A minimum threshold of 3.5 million single-end reads per sample was required for analysis; otherwise, resequencing was performed. The detection of trisomies 21, 18, and 13 was based on a Z-score approach, which evaluates the proportional representation of sequencing reads for each target chromosome. A result was considered negative when Z ≤ 1.96; a gray zone was defined as 1.96 < Z < 3 (repeat sampling is recommended if the fetal fraction is low, FF < 4%); and positive when Z ≥ 3.
Statistical Analysis
Data were collected and managed using Microsoft Excel 2019. Statistical analyses were primarily performed using R software (R Foundation for Statistical Computing, Austria). Continuous variables, including fetal fraction (FF), maternal age, and body mass index (BMI), were summarized using the mean ± standard deviation (SD) and median, as appropriate. Categorical variables were presented as counts and percentages. To identify factors associated with fetal fraction, multivariable linear regression analysis was conducted, with adjustment for maternal age and BMI. Multivariable logistic regression analysis was used to assess the independent association between gestational age at testing and the risk no-call results.
Results
A total of 9,708 pregnant women undergoing first-trimester NIPT were included in the analysis. The median gestational age at the time of testing was 11.0 weeks (range: 9.0–13.6 weeks). The mean maternal age was 29.9 ± 5.1 years, and the mean maternal body mass index (BMI) was 21.25 ± 2.04 kg/m2. The median fetal fraction (FF) was 16.05%, with values ranging from 4.20% to 42.50% (Table 1).
 |
Table 1 Summary of Population’s Characteristics and the Fetal Fraction |
Fetal fraction increased progressively with advancing gestational age during the first-trimester. Scatter plot analysis demonstrated a positive correlation between gestational age and fetal fraction (Figure 1).
 |
Figure 1 Correlation between Gestational Age and Fetal Fraction. |
Multivariable linear regression analysis was performed to identify independent factors associated with fetal fraction (FF), adjusting for gestational age at testing, maternal body mass index (BMI), and maternal age (Table 2). After adjustment for potential confounders, gestational age remained significantly associated with FF. Specifically, pregnancies tested after 10 weeks of gestation had a significantly higher mean FF compared with those tested at <10 weeks (16.64 ± 5.14 vs. 15.1 ± 4.74; β = 1.58; 95% CI, 1.31–1.85; p < 0.001).
 |
Table 2 Multivariable Linear Regression Analysis for Fetal Fraction |
Maternal BMI was not significantly associated with FF in the adjusted model (β = 0.01; 95% CI, −0.04 to 0.06; p = 0.70). Maternal age showed a weak inverse association with FF; however, this relationship did not reach statistical significance (β = −0.02; 95% CI, −0.04 to 0.00; p = 0.053).

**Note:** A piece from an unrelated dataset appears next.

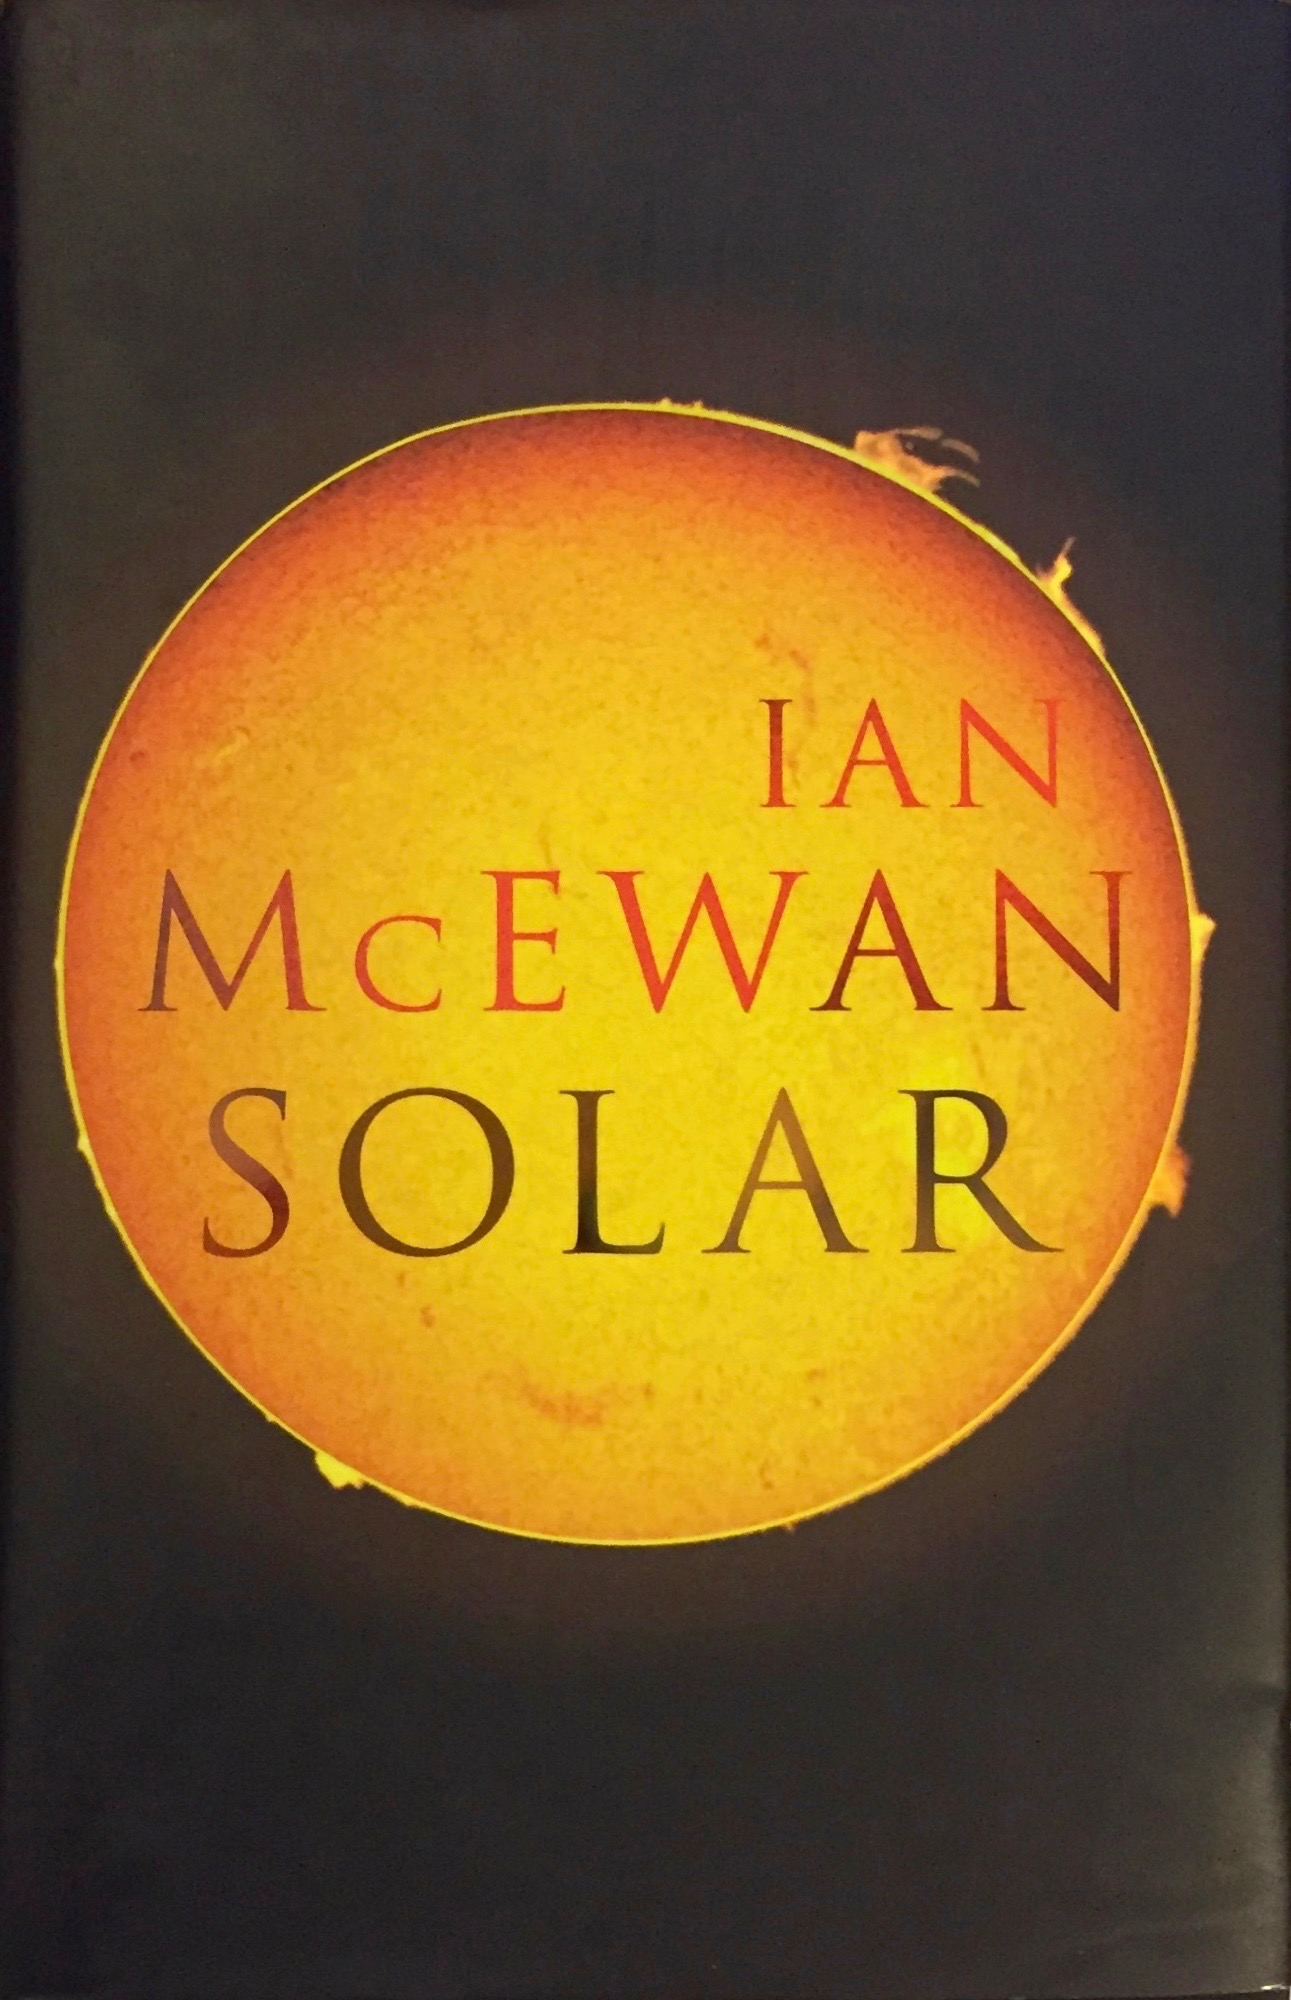 Ian McEwan: Solar, 2010 – first edition. £7.50

In multivariable logistic regression analysis, gestational age at the time of NIPT was not significantly associated with the risk of a no-call result (Table 3). Compared with testing at < 10 weeks’ gestation, testing at ≥ 10 weeks showed a lower but non-significant odds of a no-call result (adjusted OR 0.88; 95% CI, 0.68 to 1.16; p = 0.40).
 |
Table 3 Logistic Regression Analysis for No-Call Results |
Maternal BMI was independently associated with the no-call rate, with higher BMI associated with a reduced likelihood of a no-call result (adjusted OR 0.92 per 1 kg/m2 increase; 95% CI, 0.87 to 0.97; p = 0.001). Maternal age showed a non-significant inverse association with the risk of a no-call result (adjusted OR 0.98 per year; 95% CI, 0.96 to 1.00; p = 0.06).
Discussion
In this large cohort study, we assessed key performance metrics of non-invasive prenatal testing (NIPT), including fetal fraction (FF), no-call rate, to evaluate the feasibility and clinical effectiveness of NIPT performed as early as 9–10 weeks of gestation.3,17 Our findings indicate that, although fetal fractions are lower in early first-trimester pregnancies, NIPT before 10 weeks remains feasible and demonstrates reliable analytical feasibility in a large real world population.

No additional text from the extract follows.